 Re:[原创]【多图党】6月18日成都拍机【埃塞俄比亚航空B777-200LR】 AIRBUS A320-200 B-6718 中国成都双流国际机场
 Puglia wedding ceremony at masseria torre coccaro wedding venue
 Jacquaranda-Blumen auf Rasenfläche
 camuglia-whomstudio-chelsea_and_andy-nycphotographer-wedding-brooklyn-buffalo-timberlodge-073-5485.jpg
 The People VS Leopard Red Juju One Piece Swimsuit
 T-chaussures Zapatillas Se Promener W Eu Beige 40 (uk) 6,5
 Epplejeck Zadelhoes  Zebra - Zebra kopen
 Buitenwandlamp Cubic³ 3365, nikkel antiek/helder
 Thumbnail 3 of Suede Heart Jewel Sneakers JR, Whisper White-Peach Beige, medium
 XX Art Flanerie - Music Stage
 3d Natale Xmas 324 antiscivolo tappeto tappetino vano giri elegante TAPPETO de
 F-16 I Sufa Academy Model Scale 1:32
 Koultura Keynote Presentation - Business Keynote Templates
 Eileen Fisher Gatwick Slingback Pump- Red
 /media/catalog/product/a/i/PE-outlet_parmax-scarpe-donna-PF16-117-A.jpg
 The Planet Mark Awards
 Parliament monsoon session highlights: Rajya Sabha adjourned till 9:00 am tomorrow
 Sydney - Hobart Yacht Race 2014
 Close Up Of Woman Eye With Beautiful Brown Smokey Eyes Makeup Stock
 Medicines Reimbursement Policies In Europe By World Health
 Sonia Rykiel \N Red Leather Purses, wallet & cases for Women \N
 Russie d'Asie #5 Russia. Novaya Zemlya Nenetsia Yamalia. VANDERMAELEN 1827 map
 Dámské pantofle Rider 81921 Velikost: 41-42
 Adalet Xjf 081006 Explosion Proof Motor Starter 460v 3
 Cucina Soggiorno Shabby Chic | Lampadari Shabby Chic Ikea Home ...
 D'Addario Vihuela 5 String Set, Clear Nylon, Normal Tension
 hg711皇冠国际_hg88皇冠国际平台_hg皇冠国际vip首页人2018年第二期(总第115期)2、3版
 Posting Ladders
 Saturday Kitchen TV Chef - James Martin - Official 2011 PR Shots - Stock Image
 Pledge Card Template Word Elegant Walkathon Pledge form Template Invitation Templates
※ ※ ※
Work request
Look above for the line with "Adalet Xjf 081006" and the line with "Posting Ladders". Write out those two lines and all the lines between them, exactly, and no others.

Result for this task
 Adalet Xjf 081006 Explosion Proof Motor Starter 460v 3
 Cucina Soggiorno Shabby Chic | Lampadari Shabby Chic Ikea Home ...
 D'Addario Vihuela 5 String Set, Clear Nylon, Normal Tension
 hg711皇冠国际_hg88皇冠国际平台_hg皇冠国际vip首页人2018年第二期(总第115期)2、3版
 Posting Ladders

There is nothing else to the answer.